What were your problems exactly? In my case I used Linux full time from late 2012 to early 2014 and during that time I haven't had a single problem related to it, all while running bleeding edge Archlinux. The only issue was with bluetooth headphones but I'm pretty sure it was more with BlueZ being a pile of garbage than Pulseaudio being bad, given that BlueZ was giving me problems with all sorts of other (non sound) peripherals as well.
Mostly the same issues as BeetleB. It purports to pump audio samples. It does not. Another moving piece in between your app and ALSA, which seems to break down inexplicably when the crap that it's abstracting "just works" with zero configuration. Many times the solution to an audio problem on linux is to get rid of pulse. Still.

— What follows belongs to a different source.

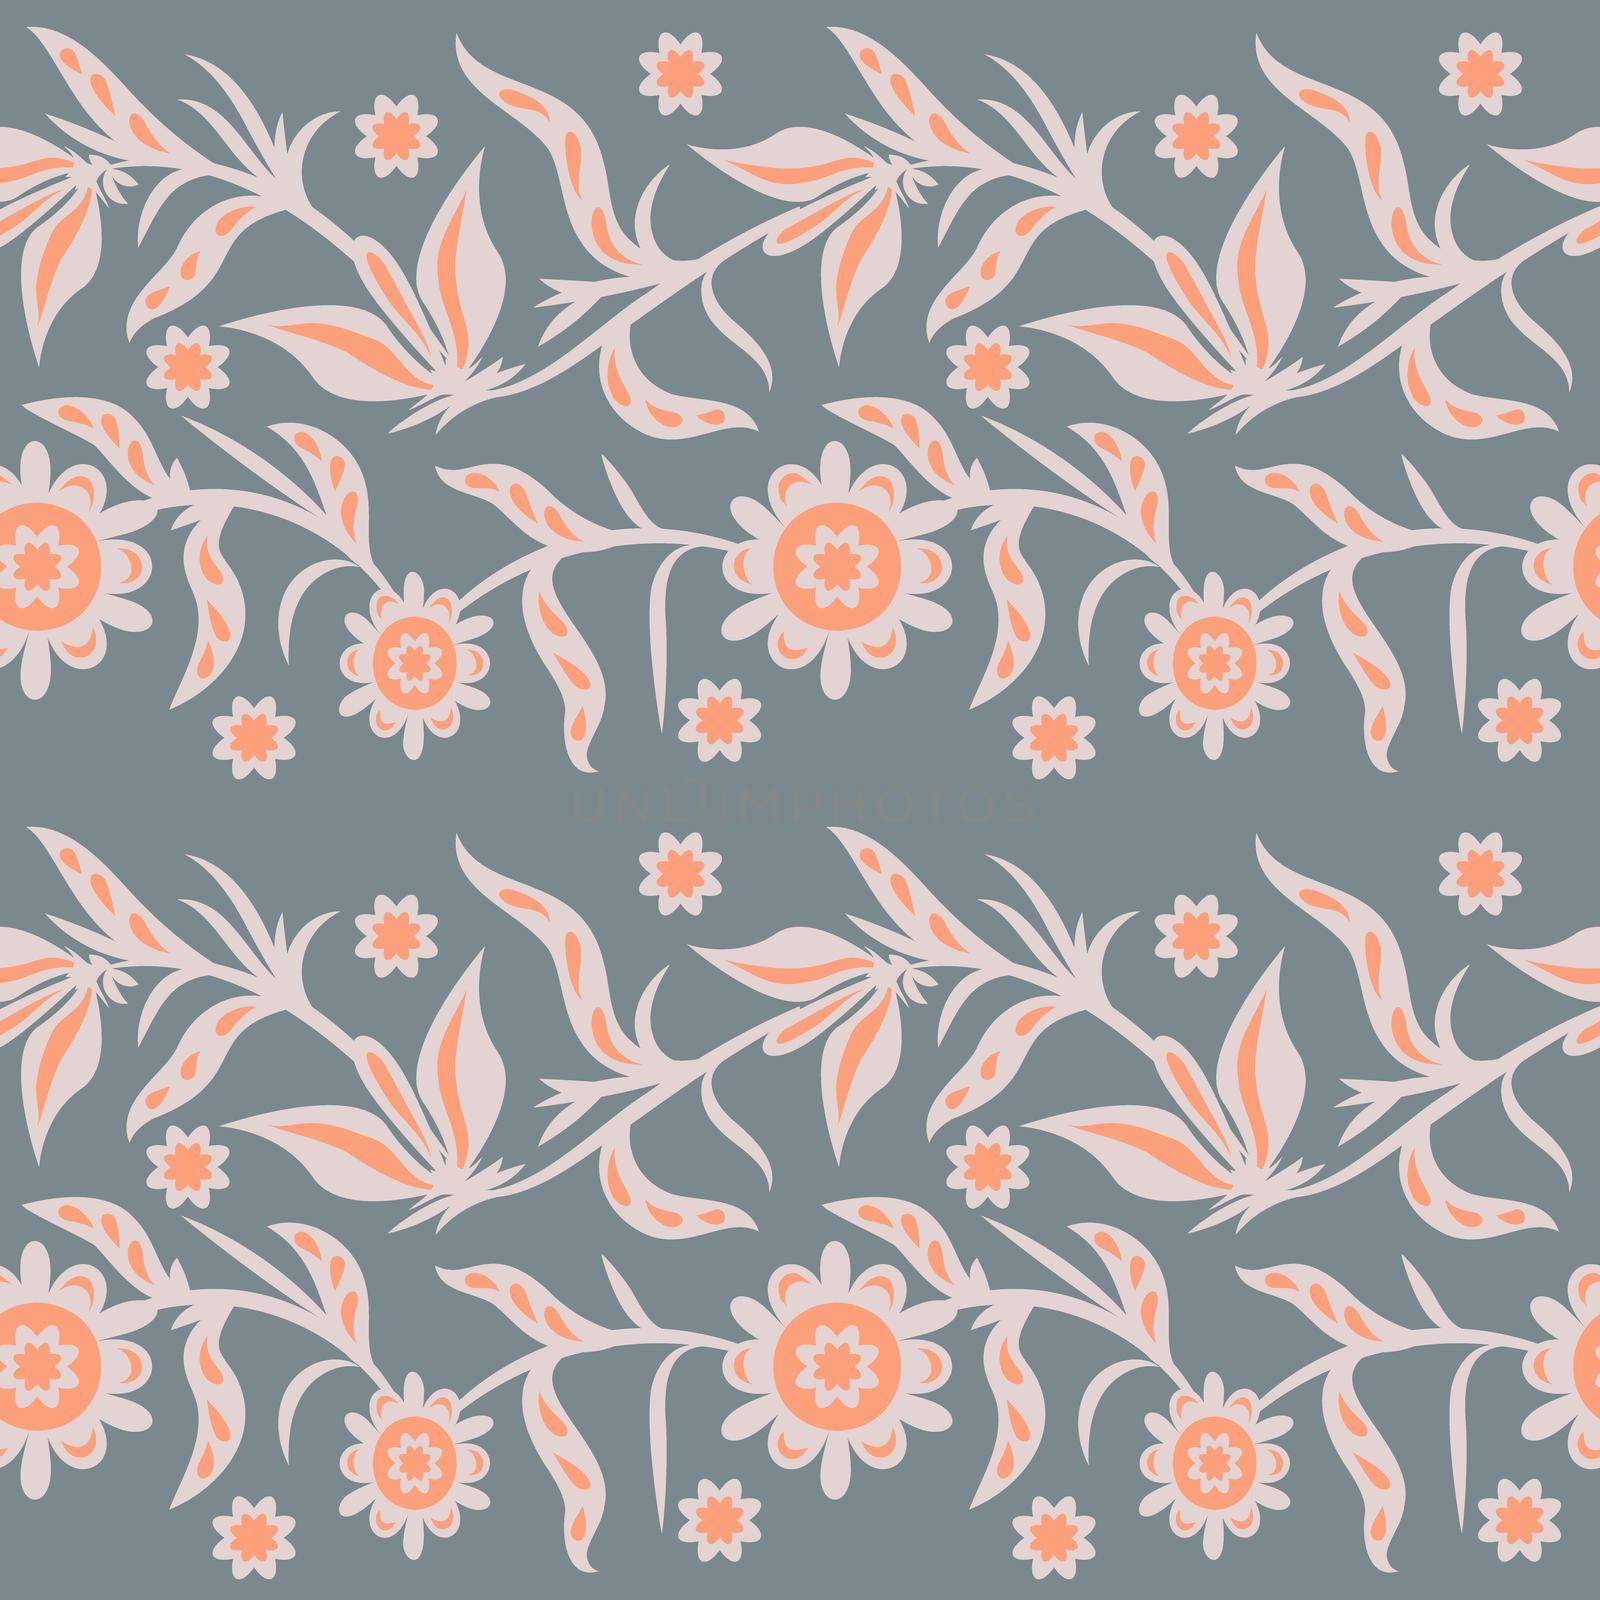 Folk ornamental floral seamleaa pattern by eskimos

Also had issues with bluetooth, as you seem to have. I will permit the idea that this is possibly unrelated (bluez is garbage, yes), but bluetooth audio was working for me previously, and only broke when pulse entered the picture.
FWIW from an API perspective I still think OSS seems better than ALSA... Linux audio seems to be a repeated case of people confusing interface with implementation, and the interface only ever gets more complex.
The amusing part is that FreeBSD is still on OSS, and it "just works" - and they let multiple apps play audio at the same time simply by opening the same device. It's been that way... I don't even remember how long, but I think it was already there 15 years ago?
And OpenBSD introduced its own userspace daemon for mixing multiple audio streams together. The by-then already existing libsndio would then just default to opening the socket provided by that daemon. So, the change was transparent to applications (no code changes, they already used libsndio) and users (no configuration, at least for people running defaults) and didn't cause years of grief, agony, churn, hatred, and shitstorm.
Of course you can still trivially disable the daemon and you lose software mixing & resampling, but things that work within these limits will run ok. But there really shouldn't ever be need to disable it, it just works.
I tried installing it a few months ago, and... could not get any sound. Similar experience several years ago. I'm sure I could Google and fix, but for me, it did not "just work".
Don't get me wrong. For years, ALSA was a pain. But in the last 10 years, ALSA has always "just worked" for me. I think the only time I had to fiddle with ALSA in the last decade was to get the mic on a headset to work.
For me, "Just Works" includes me not having to install it at all, not it being easy to set-up on LFS. Pulseaudio is pre-installed on Fedora, Ubuntu, etc.
ALSA is part of the kernel, it's likely been pre-installed in every Linux you have ever run. It's not a mark against it that you choose to install distros developed to use pulseaudio.
I've occasionally seen issues on one of my machines where applications would send out garbled audio until I killed the PulseAudio process and restarted the application (the latter was insufficient alone; PA had to be killed). Hasn't happened lately, though, and it might've had more to do with the application.
I use Slackware, which tends to be more conservative about these things; the fact that PA is now the default in Slackware is a good indicator of PA having overcome its growing pains.
I have a feeling if PA was really as broken as it was once upon a time, Bluetooth audio would've been sacrificed in favor of a more stable and reliable system.
Additionally, I somewhat doubt BlueZ would've made PA such a hard dependency if they weren't reasonably sure that it's stable enough for primetime.
Are you actually using PulseAudio? Having run Arch (well, Parabola) since 2011, I haven't had any problems with PulseAudio... because I've never installed PulseAudio. Actually, I did have a problem with Wine and lib32-libpulse lagging slightly behind the video (where it's only a fraction of a second off, but enough that it doesn't feel like the words match the faces); and then I figured out how to get Wine to use ALSA, just like everything else.